Event-by-event fluctuations of conserved quantum numbers, such as net electrical charge Q, net baryon number B, or net strangeness S, are a prominent signal for the phase transition to the quark-gluon plasma. Since quarks and gluons have different elementary units of the charges the predictions for event-by-event fluctuations are very different based on the assumption that a quark-gluon plasma or a hadron gas is present. The fluctuations of the mean transverse momentum can be regarded as the analog to the temperature fluctuations in the cosmic microwave background, which are vestiges of quantum fluctuations in the initial state. The susceptibilities that are directly related to the fluctuations of conserved quantum numbers or their higher moments such as the skewness and the kurtosis are also calculable on the lattice and offer a direct connection between data and QCD predictions (see section 5.7).

3. Theoretical foundations

This section reviews our present theoretical understanding of the structure and properties of the quark-gluon plasma, based on lattice-QCD simulations, thermal effective field theory, and exactly solvable strong coupling models.

3.1. Lattice QCD

The quantitative ab initio calculation of the thermodynamic properties of QCD matter requires the model-independent evaluation of the functional integral that defines the quantum field theory. The only known rigorous method that allows to do this starts with the discretization of the QCD Lagrangian on a large space-time lattice and then evaluates the very high, but finite-dimensional functional integral by Monte-Carlo methods. In order to study the properties of QCD at non-zero temperature, periodic boundary conditions (anti-periodic for quarks) are imposed on the imaginary time coordinate with period ℏ/T. The functional integral defining the quantum field theory is evaluated by means of Monte-Carlo sampling techniques that are used to generate a sufficient number (hundreds or thousands) of statistically independent, representative field configurations. Observables of interest are then evaluated by averaging over these stored configurations. The numerically most expensive part of the calculation is the integration over the fermion fields, which requires the evaluation of the determinant of a very large matrix. Much of the progress that has occurred over the past decade consists of finding improved ways to represent the QCD Lagrangian on a discrete lattice and speed up the evaluation of the fermion determinant. Other improvements in some simulations concern the implementation of manifest chiral symmetry by means of the domain wall or overlap fermion algorithms [37, 38].

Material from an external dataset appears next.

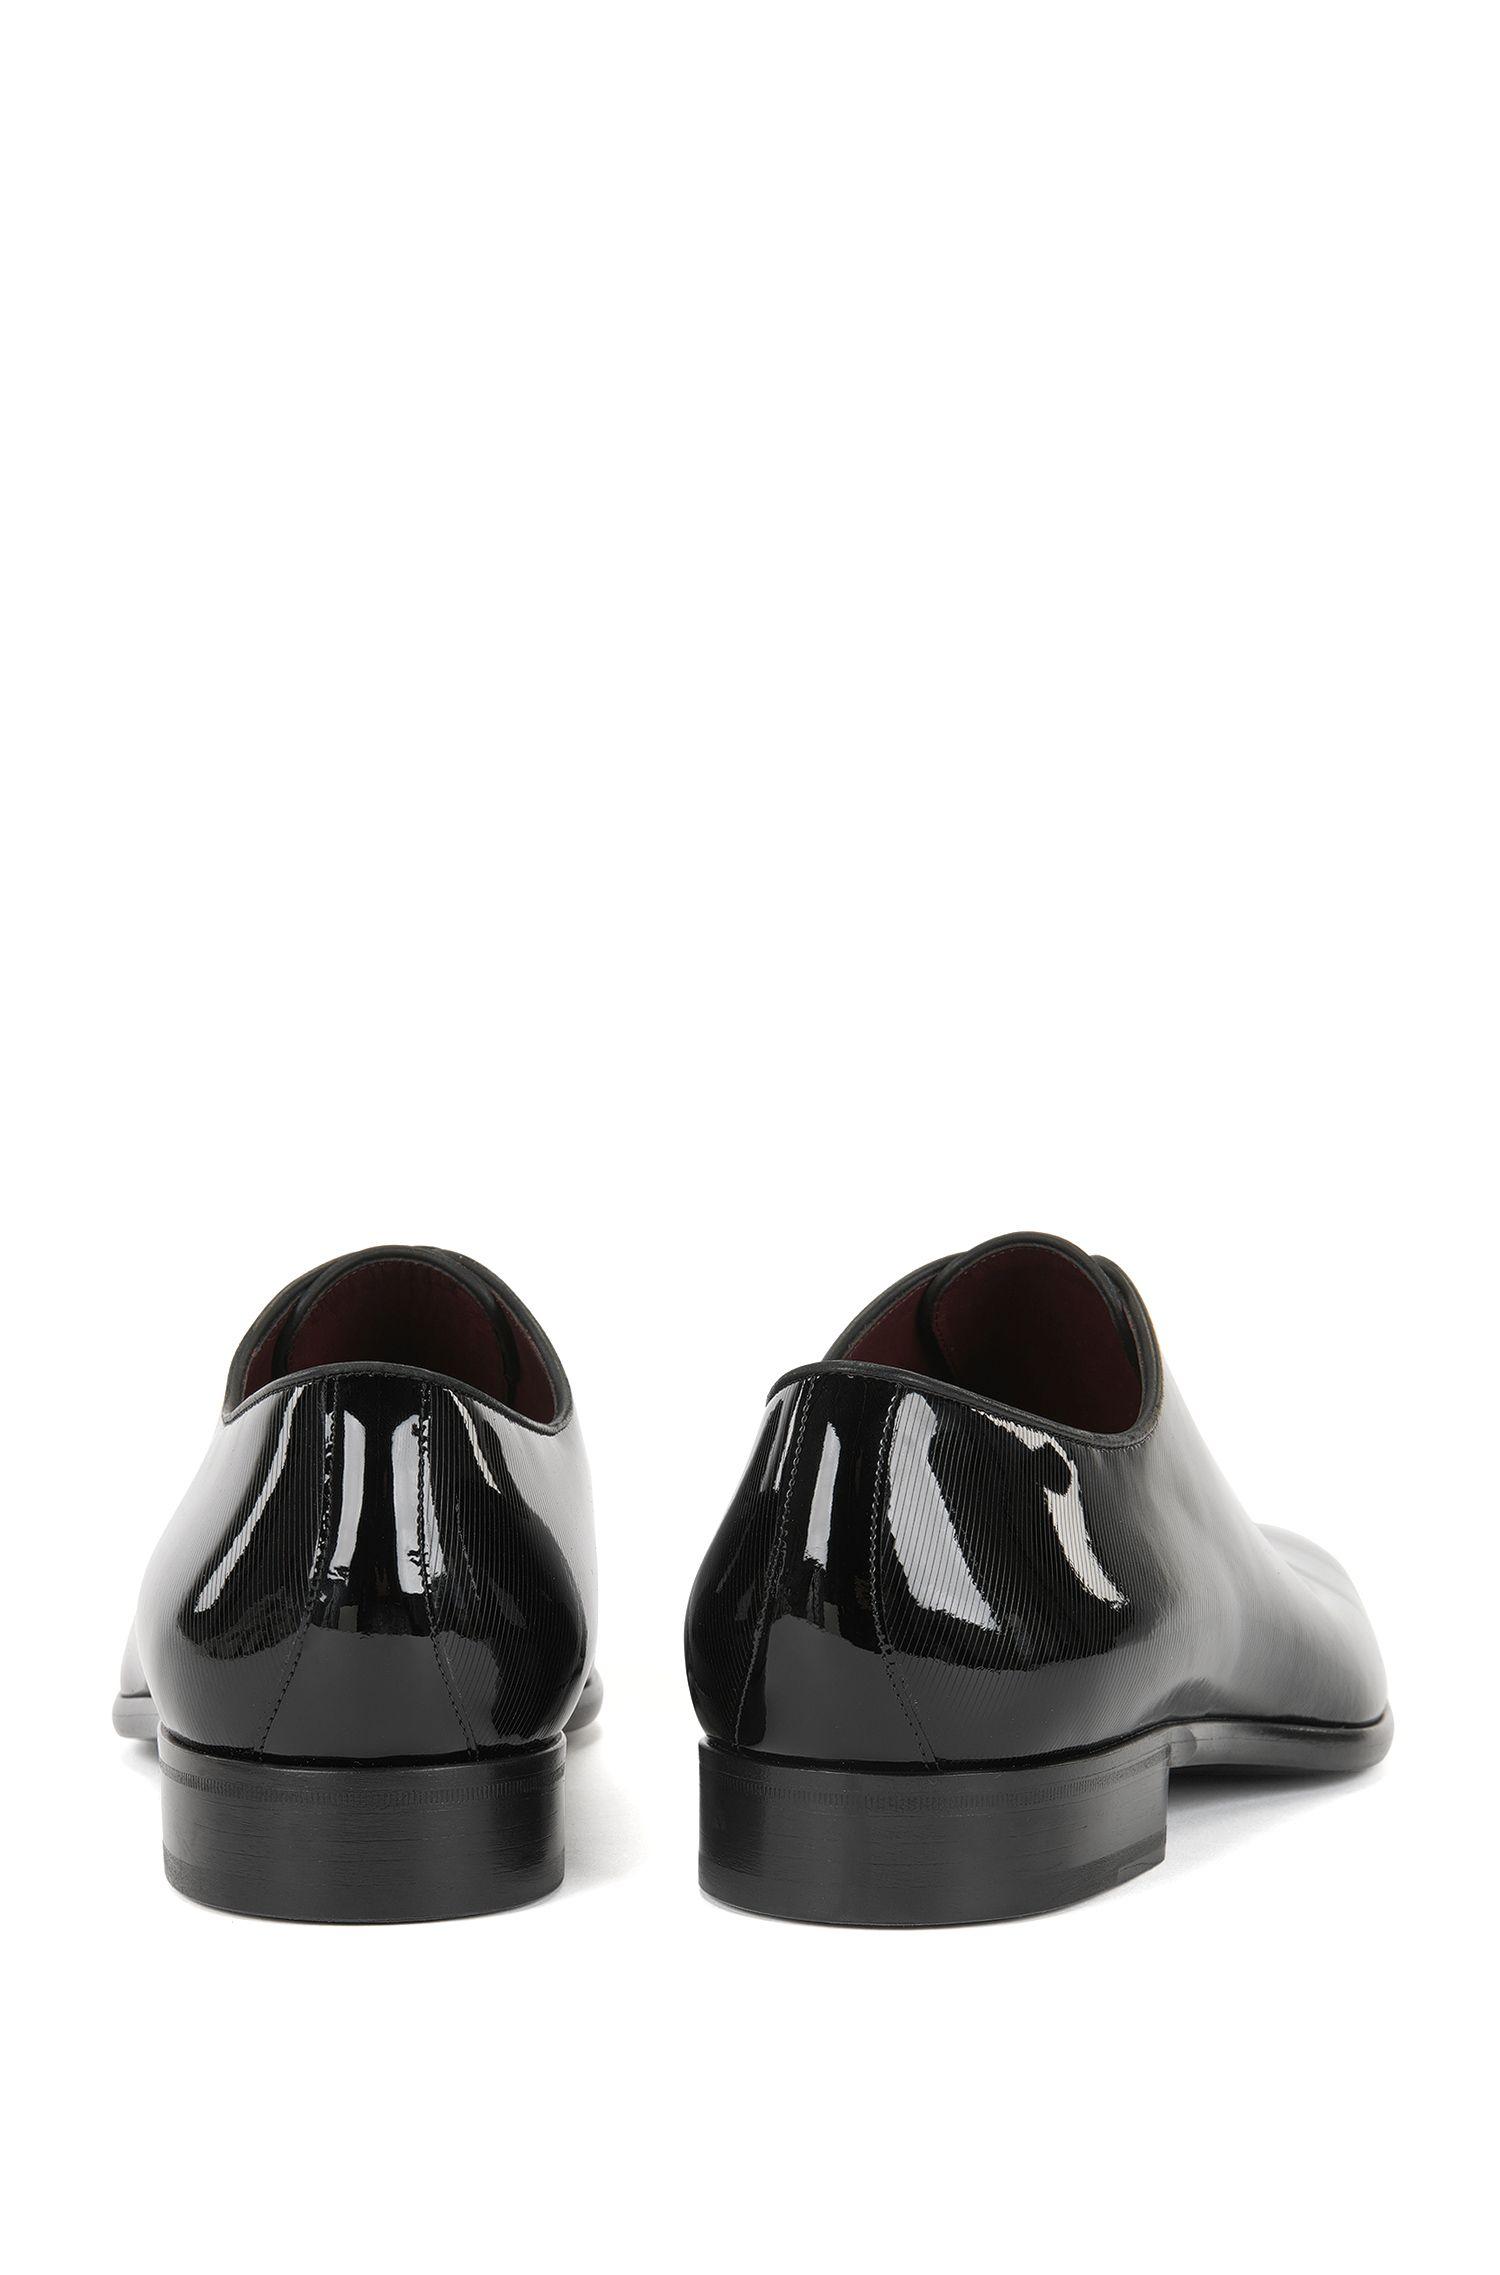 Patent Leather Oxford Shoe | T-Club Oxfr Pals, Black

Lattice QCD simulations have come a long way since the first calculations that demonstrated quark liberation in the high-temperature phase of pure SU(2) lattice gauge theory [39, 40]. State-of-the-art lattice calculations include both, SU(3) gauge fields and dynamical u, d, and s quarks (sometimes even c-quarks) with physical masses, employ improved lattice actions, extrapolate to the continuum limit (lattice distance a → 0), and investigate the convergence of the results as a function of the number Nt of Euclidean time slices. Fully converged lattice QCD simulations for baryon-symmetric QCD matter (μB = 0) have been made for the QCD equation of state and various other thermodynamic properties [4143].

Rigorous algorithms for the evaluation of the functional integral for thermal QCD are known only for μB = 0, because the integrand is not positive definite for non-zero real values of μB . Nevertheless, attempts have been made to explore the QCD phase diagram away from the μB = 0 axis by means of lattice simulations using a number of indirect approaches. One method evaluates a certain number of derivatives of an observable with respect to μB at μB = 0 and then reconstructs the value at μB ≠ 0 from the truncated Taylor series [44]. Another method evaluates the functional integral for imaginary values of μB , where the integrand is well-behaved, and then attempts an analytic continuation to real values of μB [45]. A third method uses field configurations generated for μB = 0, but reweights them to simulate the μB -dependence of the lattice action [46]. The 'holy grail' of such efforts is to locate a possible critical point in the QCD phase diagram. In spite of considerable progress in obtaining reliable results for μB /T < 2, none of these approaches currently gives a positive indication for the possible location of such a critical point. Even the existence of a critical point in the TμB plane, although extremely plausible on the basis of physical arguments and predicted by a multitude of QCD models, has not been established with absolute certainty [47].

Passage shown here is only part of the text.